Showing posts with label Tel Aviv. Show all posts
Showing posts with label Tel Aviv. Show all posts

Monday, March 08, 2010

Tel Aviv: Picture of the Day

I came across this store on Allenby Street in Tel Aviv. The sign on the right-hand sign reads, "Keep and remember the Sabbath day holy (because it is a source of blessing)". On the left-hand side, "Viagra pills may be obtained here," and below the sign, a row of bongs disguised as "air fresheners".

Thursday, December 28, 2006

Anarchists Bring Roadblocks to Tel Aviv

The "roadblock" set up in Tel Aviv (Ha'aretz).

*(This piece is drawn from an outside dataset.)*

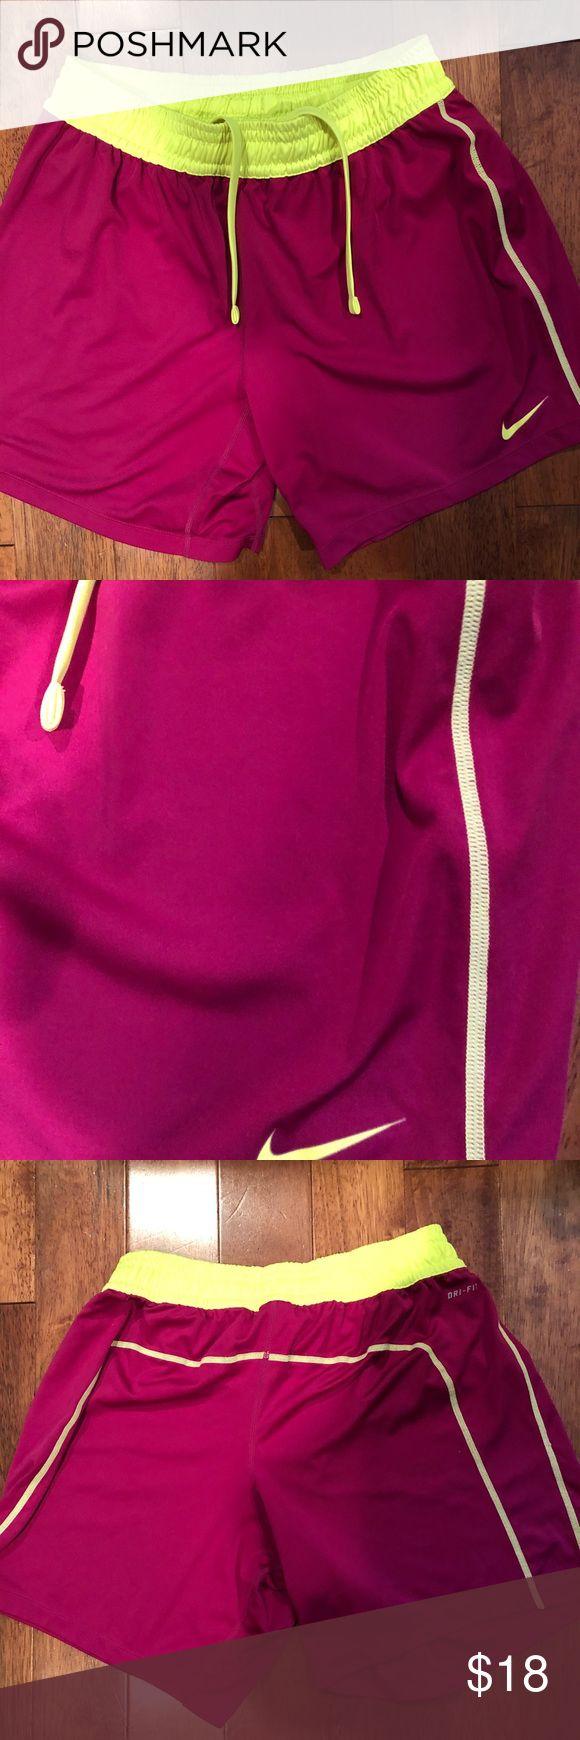 Nike dri fit shorts Bright colored nine dri fit shorts with Nike logo in corner Nike Shorts

Activists from the "Anarchists against the Fence" movement brought the roadblocks of the territories to Tel Aviv today - albeit only for a few minutes. The protesters set up barbed wire and military warning signs, apparently taken from pieces of the security fence in the West Bank, on fashionable Basel street in the north of the city. The twenty or so demonstrators wanted to inform Tel Aviv residents of the daily reality in the Palestinian territories only a few kilometers away from them. A traffic jam quickly developed at the location (though this is not a rare occurrence even without protests) and drivers contacted the police. The anarchists fled the scene before the police arrived.

The anarchist action seems like a smart modification of the anti-disengagement protests two summers ago, which infuriated so many Israelis. Unlike the settlers, the anarchists are conveying their message creatively without getting arrested. The inconvenience (and danger) to motorists is negligible compared to what transpired in the "orange days" of 2005. It is good to make Israelis aware of the suffering caused to Palestinians by checkpoints and roadblocks. I wonder though what the protesters would say to those who insist (rightly) that the fence and checkpoints have saved and continue to save hundreds of lives. The dramatic decrease in suicide bombings over the past year is proof of that. The often cited argument that checkpoints create terrorists, on the other hand, is hard to verify. Surely, suffering by itself does not create suicide bombers.

There is a police station just one block south of Basel on Dizengoff, so the cops must have taken their time.

This is the second Basel Street protest that has made it onto Kishkushim. Last summer, Arab Israelis demonstrated in front of the Egyptian embassy down the street.

NEXT: Palestinian leftists blow up mini van loaded with effigy passengers on Ramallah street to protest suicide bombing. Or: Gaza anarchists fire model Qassam at Palestinian houses. Oh wait, that's already happened.

Tuesday, July 18, 2006

Business as Usual in Tel Aviv

I can't say that people have changed their routines here in Tel Aviv. Of course, everyone has a friend or family member in the North, and many people are hosting relatives who have fled south. One of my friends is currently having two of her sisters (plus children) staying at her house, together with her mom. The only person not there is the father who is taking care of the family's chicken farm, which is in katyusha range.

At the shuq here the vendors were selling as briskly as ever, and the mood was not terribly different from normal. Of course some of the vendors worked the war into their banter. One man pitching mangos and apricots told me that the "tsfonim" (lit. people from the North, but also slang for fashionable, yuppie types) had been buying from him all day, that they had left everything in Haifa to come to Tel Aviv. Also, apparently the fact that there is a war going on is an incentive to buy more tomatoes - or maybe some people will try anything to convince you to get your vegetables from them.

Monday, April 17, 2006

European Condemnation of Tel Aviv Suicide Bombing

Obviously a condemnation of the bombing, but this time it is coupled with an indictment of the Hamas and the PA government that preceded it. The op-ed argues that Hamas, unlike its predecessor, has made its support of terorism clear and open. The Sueddeutsche Zeitung argues that Hamas's claim that the bombing was "self-defence" characterizes the organization's misanthropic worldview, which is shaped by the "crude assumption, that the land of the Middle East has been polluted through its settlement by Jews."

Das Gute an der palästinensischen Autonomiebehörde ist die Klarheit, die von ihr ausgeht: Sie wird von der Terrorgruppe Hamas geführt, die Israels Existenzrecht und somit jegliche Friedensverhandlungen ablehnt. Jassir Arafat hatte es stets verstanden, die Weltöffentlichkeit hinters Licht zu führen. Die Hamas aber lässt nun keinen Zweifel mehr an ihren Absichten.

Der Terroranschlag am Ostermontag, exekutiert von der Palästinenser-Miliz „Islamischer Heiliger Krieg“, wird von der Hamas als „Recht auf Selbstverteidigung“ gerechtfertigt. Darin drückt sich das menschenverachtende Weltbild der Hamas aus, das von der kruden Annahme geprägt ist, der Boden der Nahost-Region werde durch die bloße Besiedlung durch Juden verunreinigt.